Saturday, November 24, 2012

(interpretive) authority & democracy

Last week, I struggled with political anonymity's upholding of the universal at the foreclosure of the particular/individual (what sort of ellisions are involved in this grouping? etc). Obviously this is one of the central themes of the course, and, accordingly, this week's readings picked up this thread in a way that spoke directly to my question, in the form of the relation/oscillation between the individual subject and the collective in a revolutionary context. In "The People Want," Elliott Colla points to how Egyptians' repetition of "the people want" as a "discursive scaffolding" in various contexts and to express various demands "might seem incoherent and at times contradictory," getting at the way that the multitude of subjects included under the name of "the people" can spill over. Colla's analytical lens, of the performative nature of these actions and slogans, is useful; he posits that the collective exists only in this performance as such—"it was the collective act of stating that the people wanted something that created the sense there was a social actor by that name." Thus consistency across people/situations might be considered irrelevant; these are "embodied actions taking place in particular situations."  Ranciére also speaks to this in "Does Democracy Mean Something?": democracy "creating cases of universality by playing on the double relation between the universal and the particular" (57). His analysis, where it focuses on such a division in terms of the private and the public, includes questions about the process of defining these areas and who is able to address either. To put it cursorily, this distinction is the same that defines the double binds of democracy--a "displacement" of the "boundary" between "those are regarded as capable of taking care of common problems and the future, and those who are regarded as being unable to think beyond the private and immediate" (58). The thing is, of course, that through democracy's logic, such a distinction is arbitrary.

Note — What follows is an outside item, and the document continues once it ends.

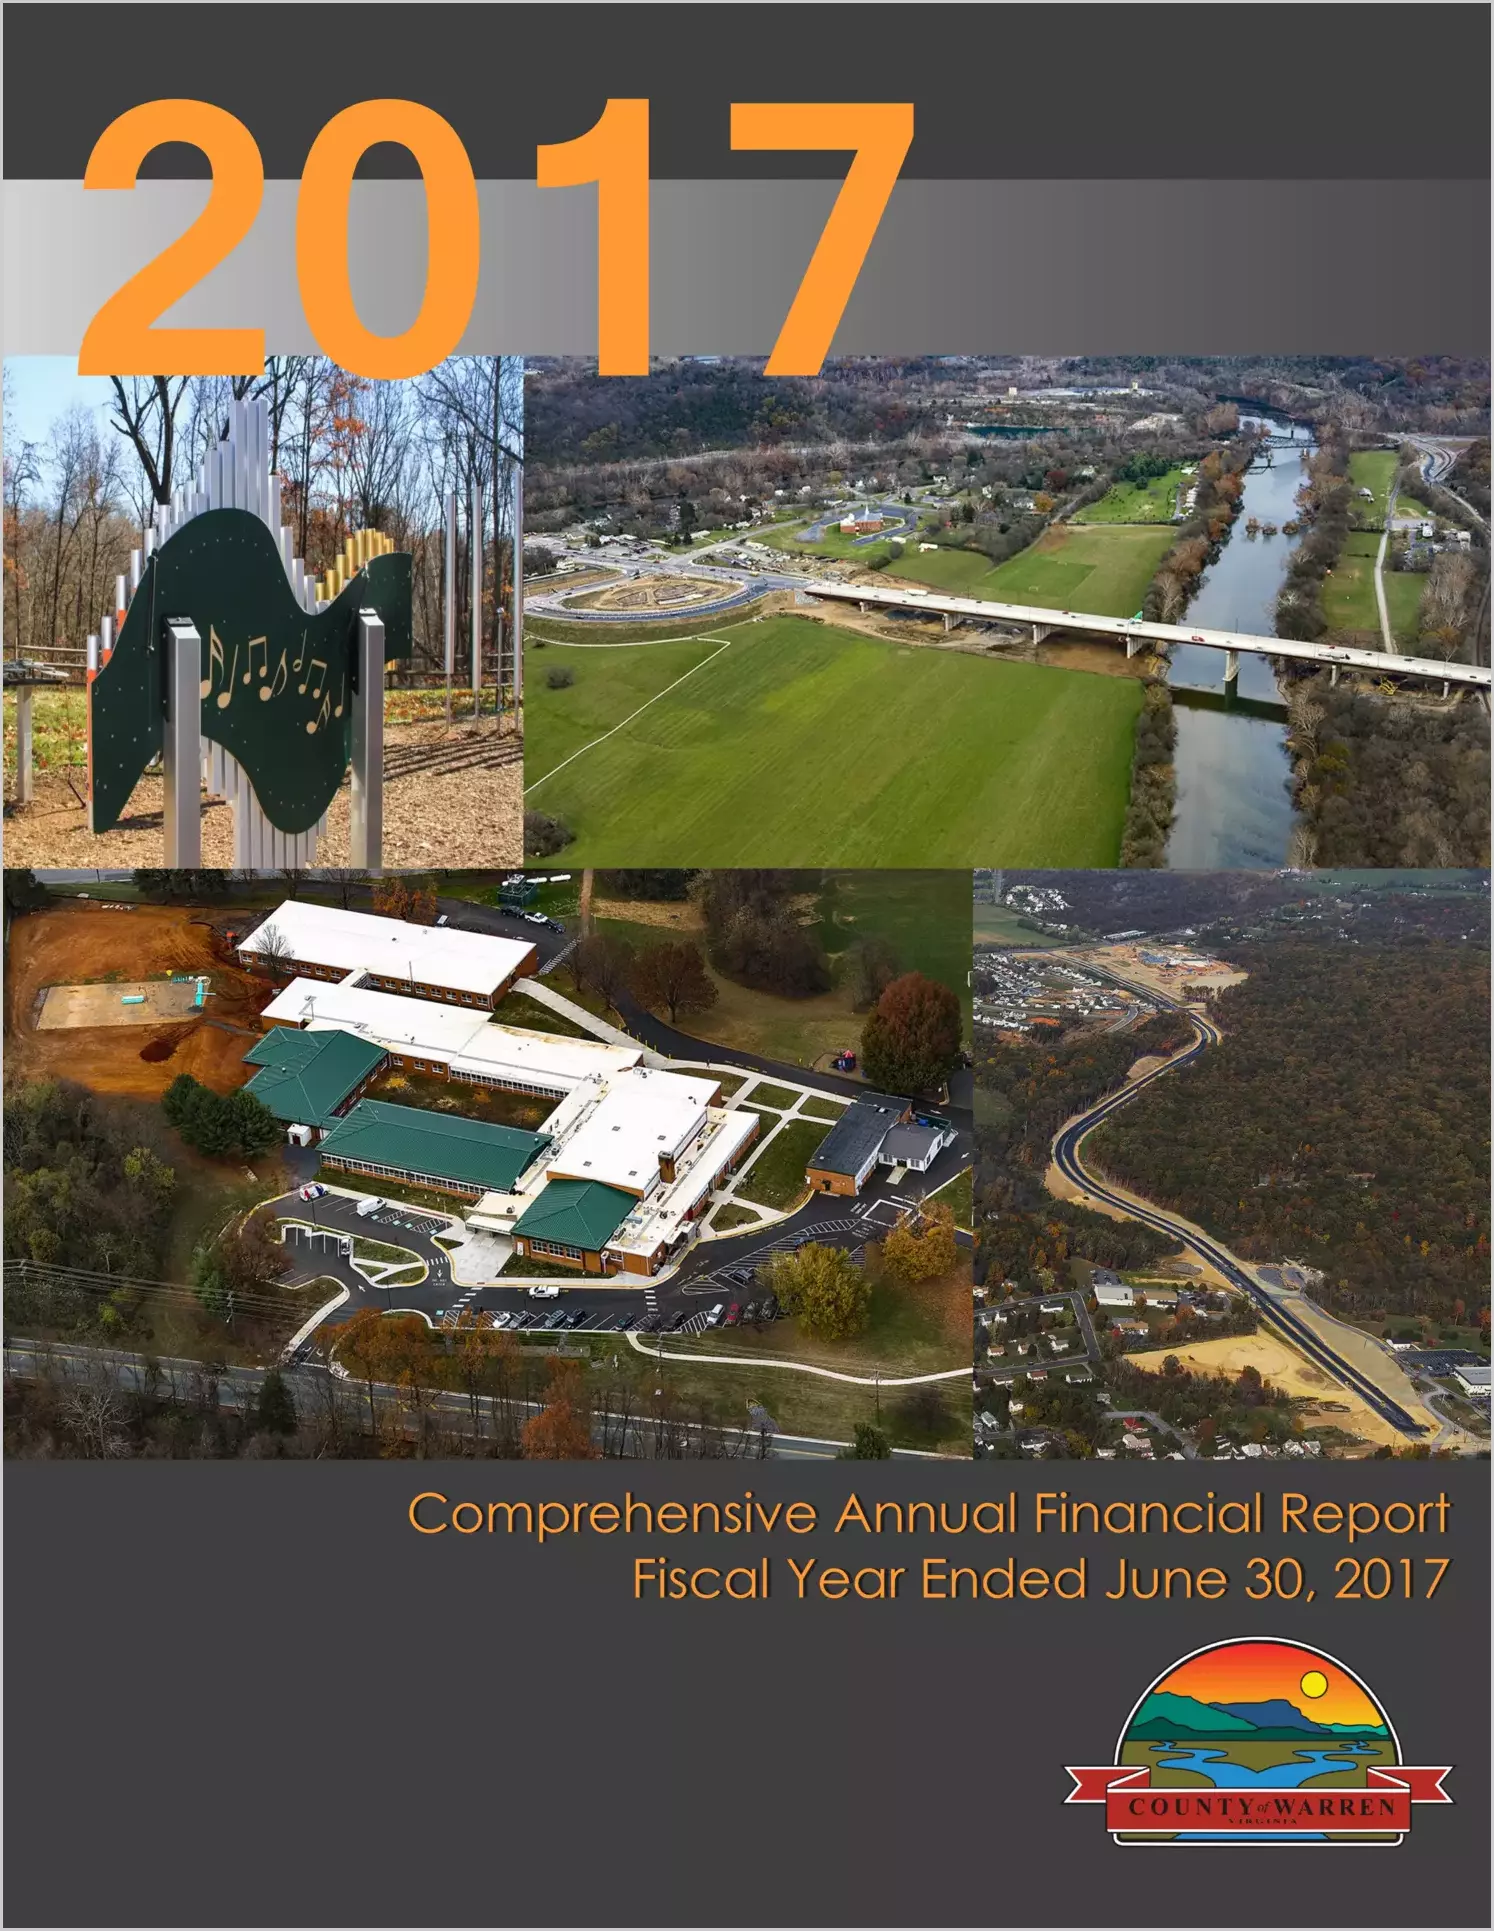 2017 Annual Financial Report for County of Warren

Ranciére's thinking-through of the differences that can legitimate authority reminded me of Professor Muhanna's lecture, particularly his point about transparency and broader access to technology producing the possibility (and reality) of competing narratives. This is also perhaps a solid example of the problem of democracy as Ranciére frames it—if everyone can produce a narrative, it becomes impossible to pinpoint the "truth," and therefore authority is undermined. However, we also noted the strange ambiguity of the visual recorded "evidence" used to create these narratives—as discourse re: the "objective" investment in photographs and video goes, the image can only state the blunt fact of presence; images need captions (Benjamin) or interpretation in order to communicate meaning. This was particularly salient in the clip of Nasrallah using images to prove that Israel was behind Hariri's assassination. The images and diagrams shown where completely illegible to me, and thus I depended on the narration and analysis in order to make any sense of them (and this experience, I think, is common on regular TV news, anyway, where infographics, etc code objectivity where there really isn't any). These "objective" images need a subjective interpretation, and, as evidenced by the fact that in this particular case the diagrams were actually not what they were claimed to be, narratives still rely completely on whoever has the authority/ability to narrate them.